Exercise:
None of the pictures should be copied, though every line of the listing must be printed exactly.

Stored data:
▶

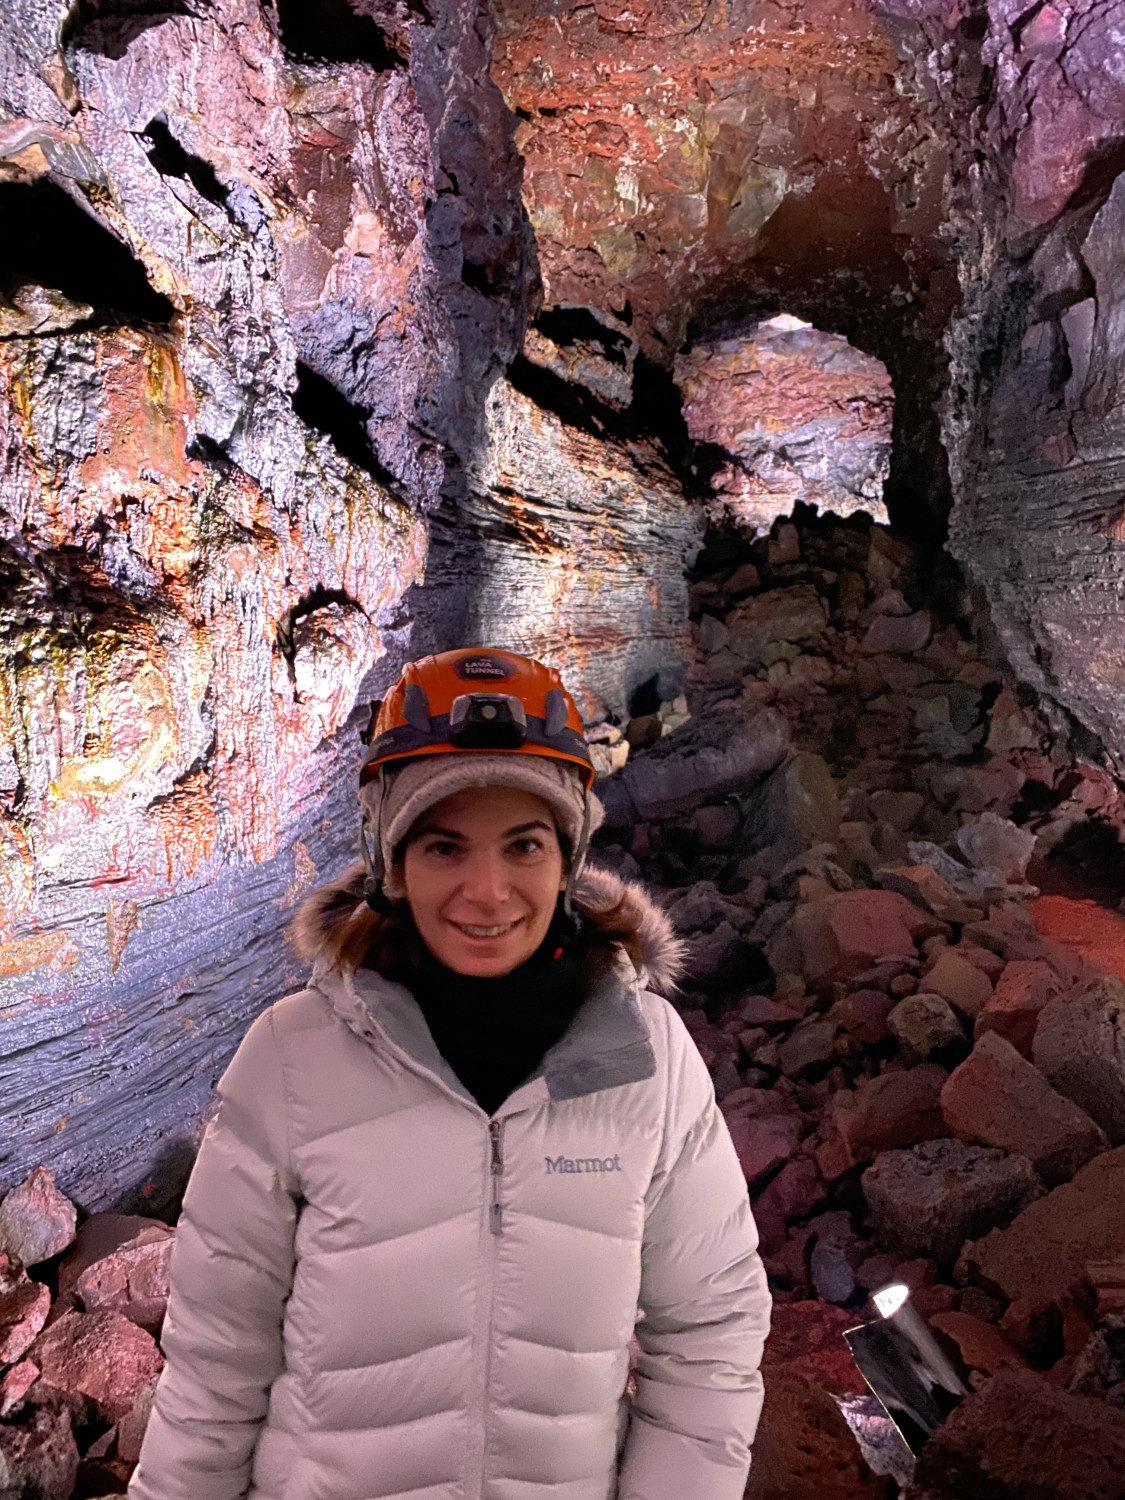 Travel advisor posing in a cave
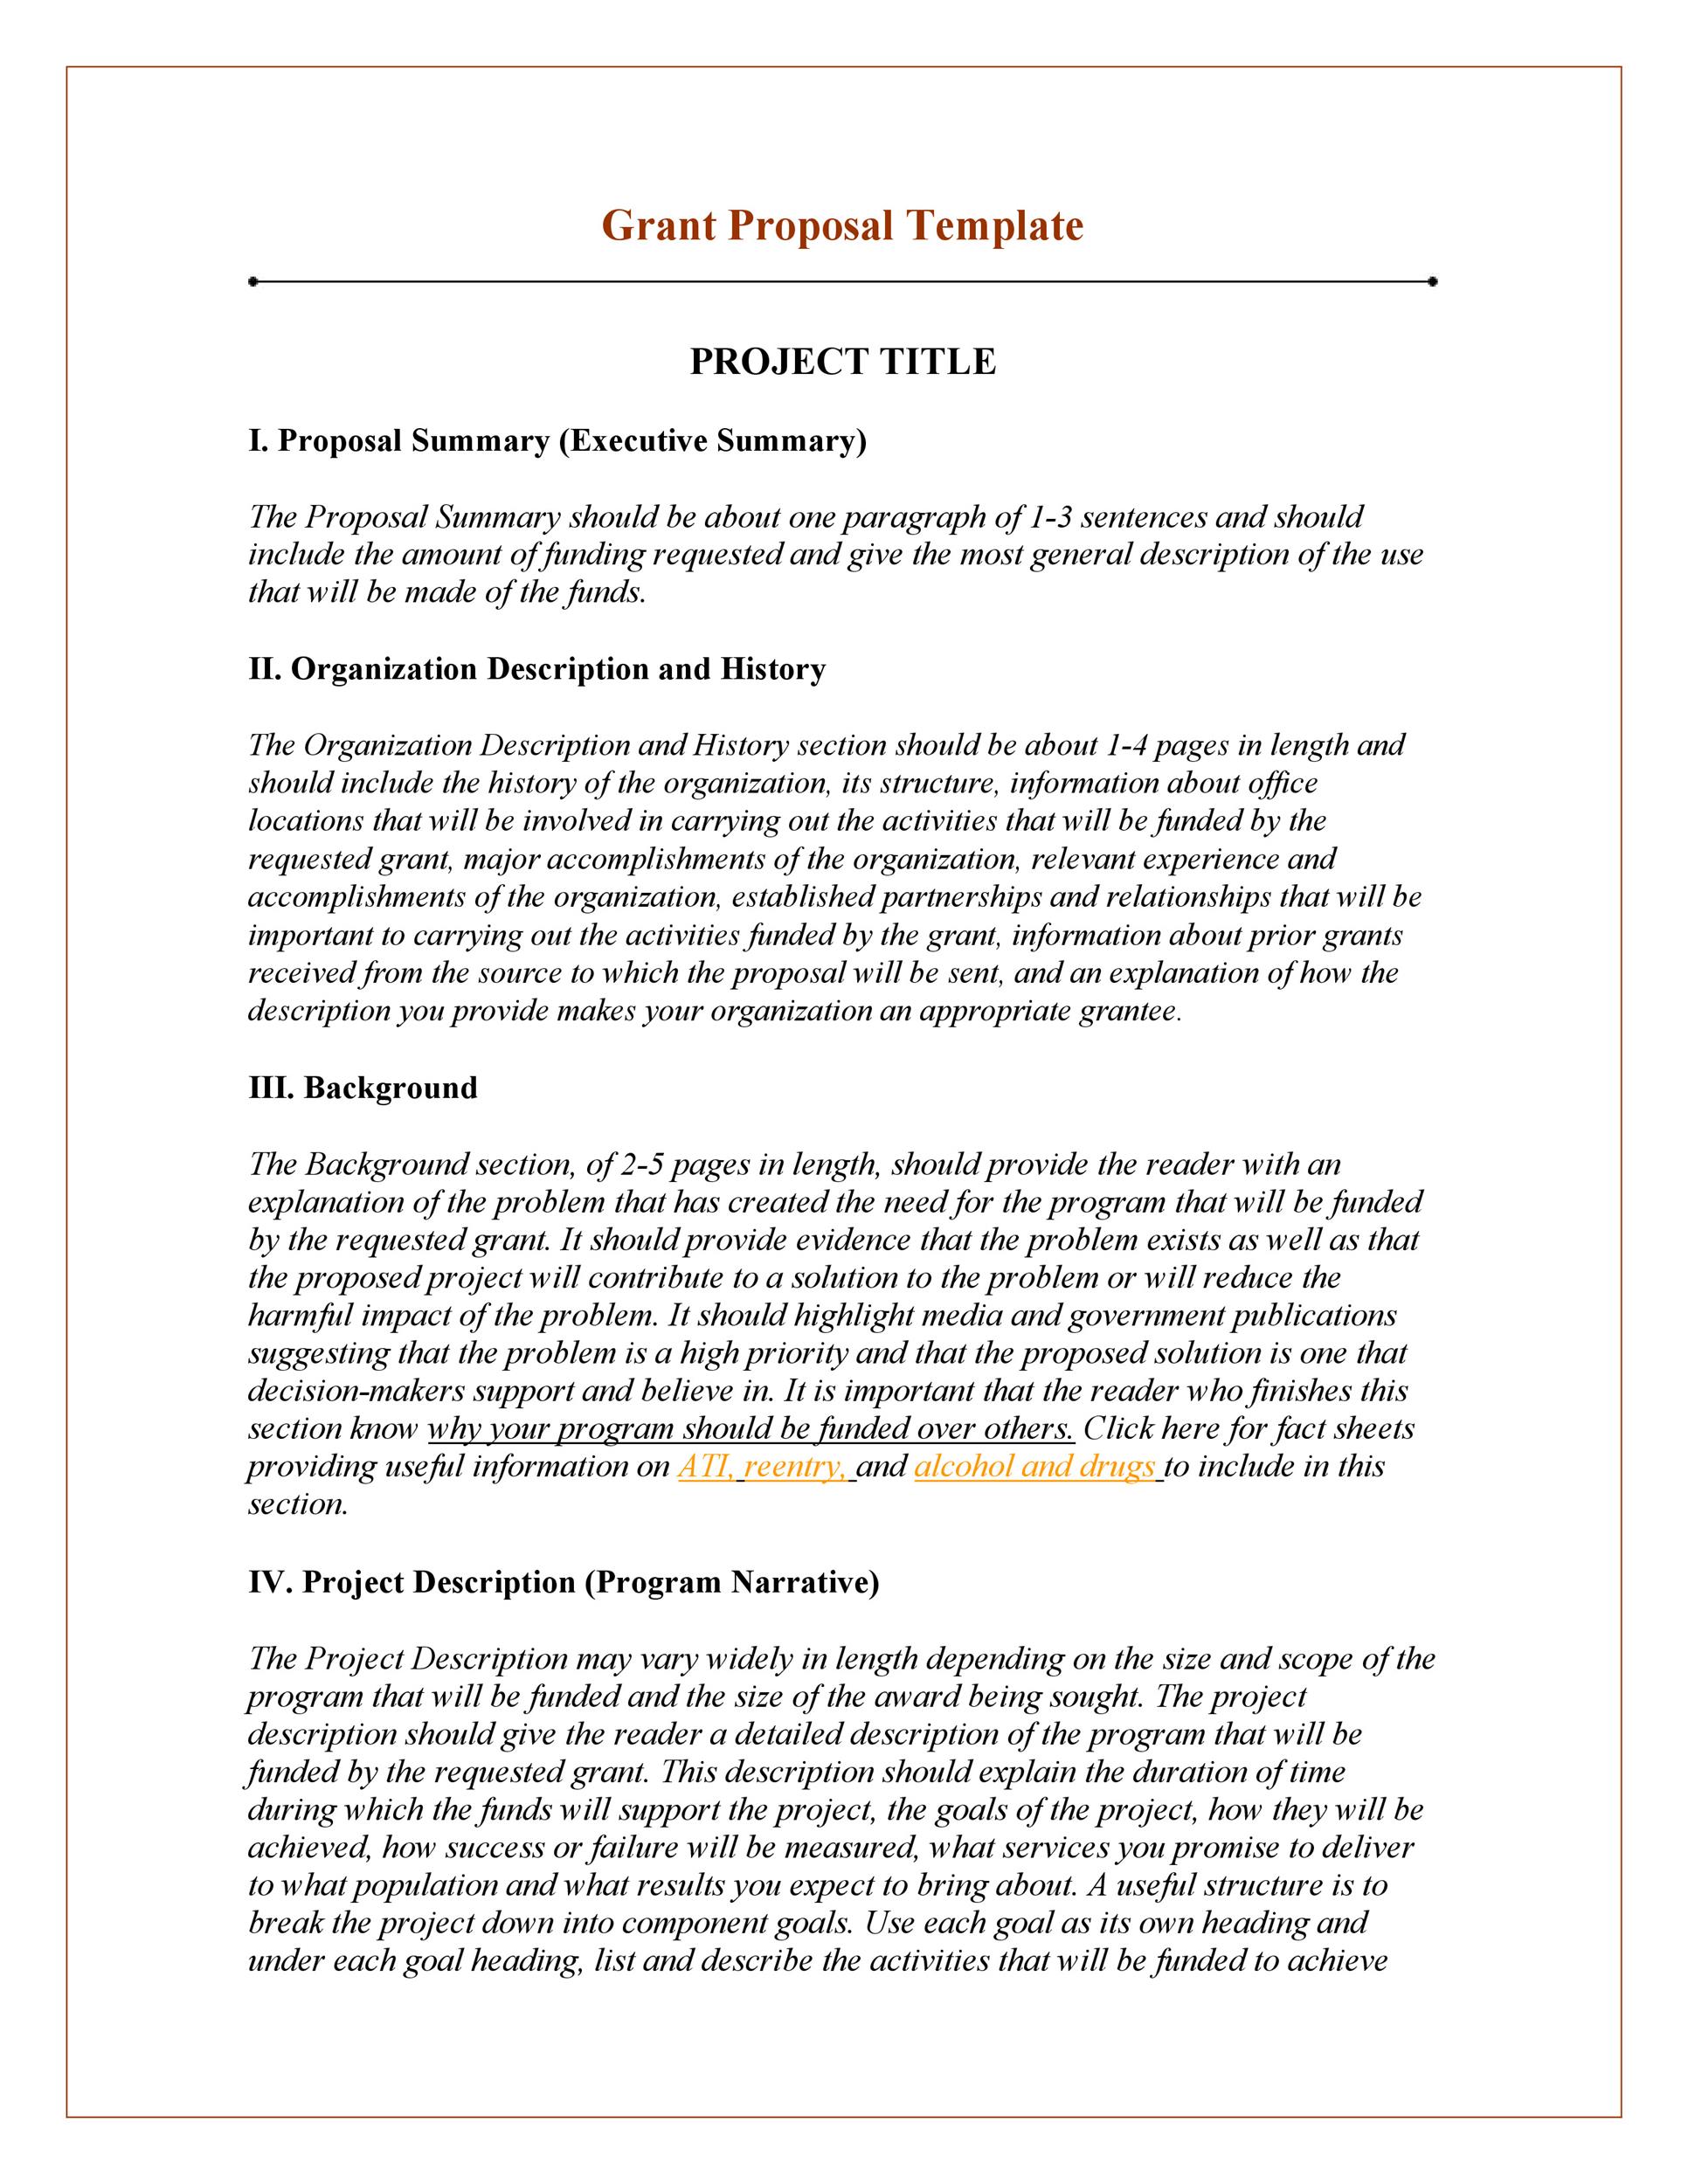 How Do You Write A Grant Proposal Template
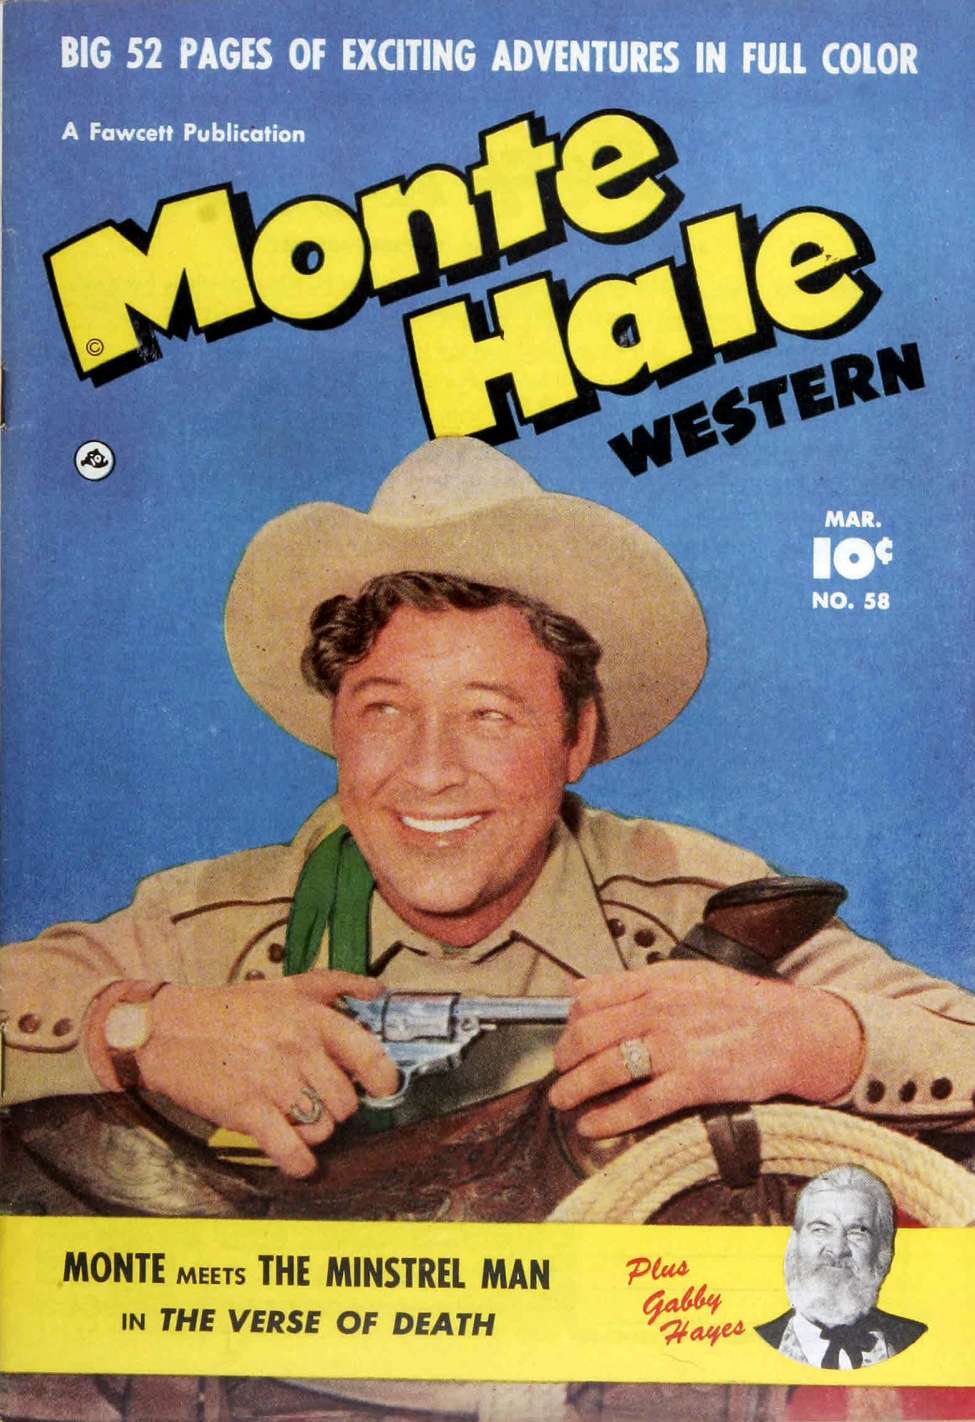 Book Cover For Monte Hale Western 58 - Version 1
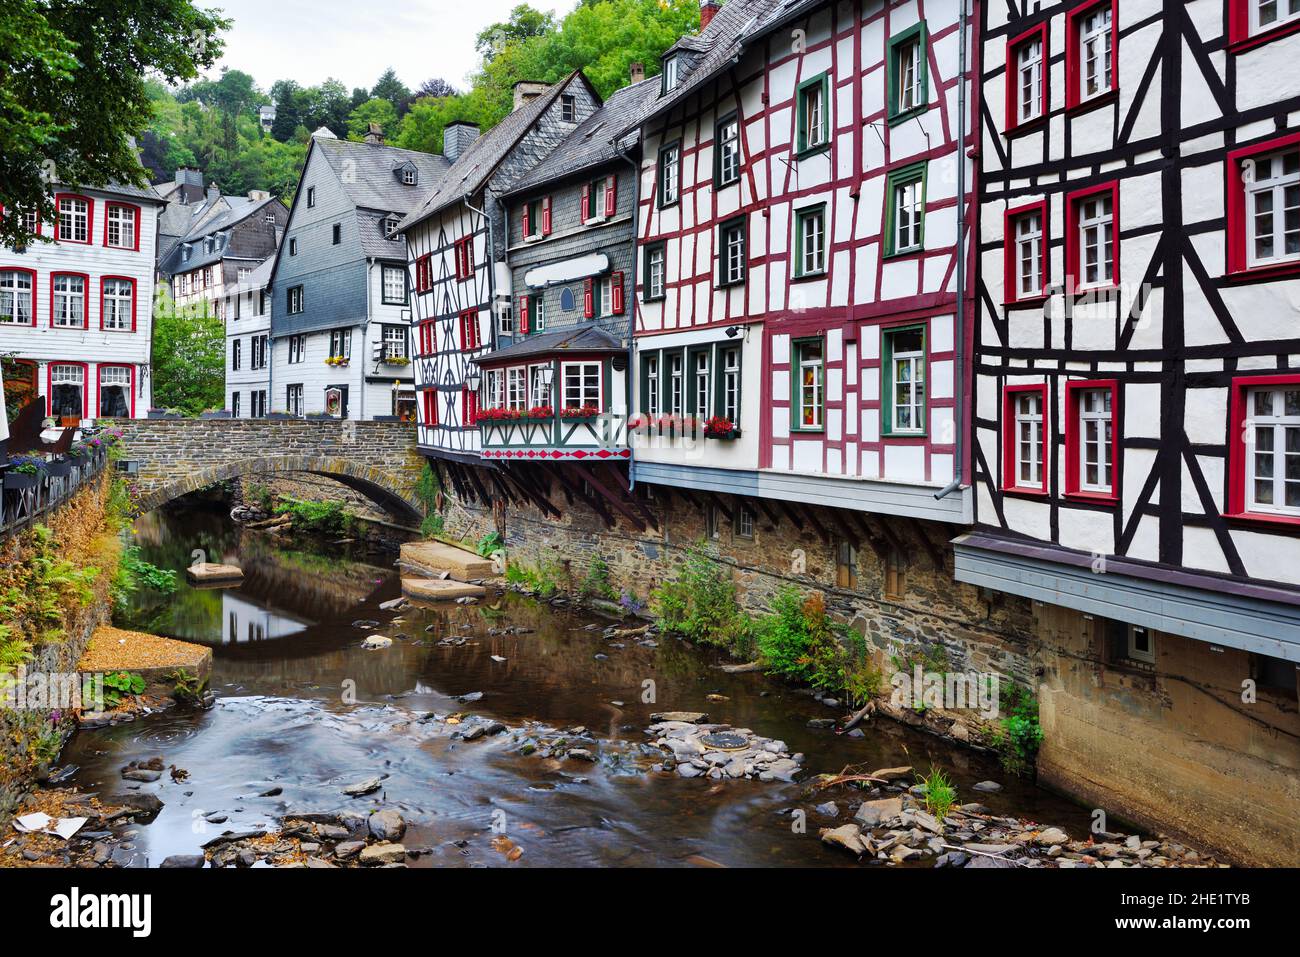 Historical Monschau Old town,  famous for its traditional half-timbered houses, Eifel region, Germany Stock Photo

◀

Final answer:
 Travel advisor posing in a cave
 How Do You Write A Grant Proposal Template
 Book Cover For Monte Hale Western 58 - Version 1
 Historical Monschau Old town,  famous for its traditional half-timbered houses, Eifel region, Germany Stock Photo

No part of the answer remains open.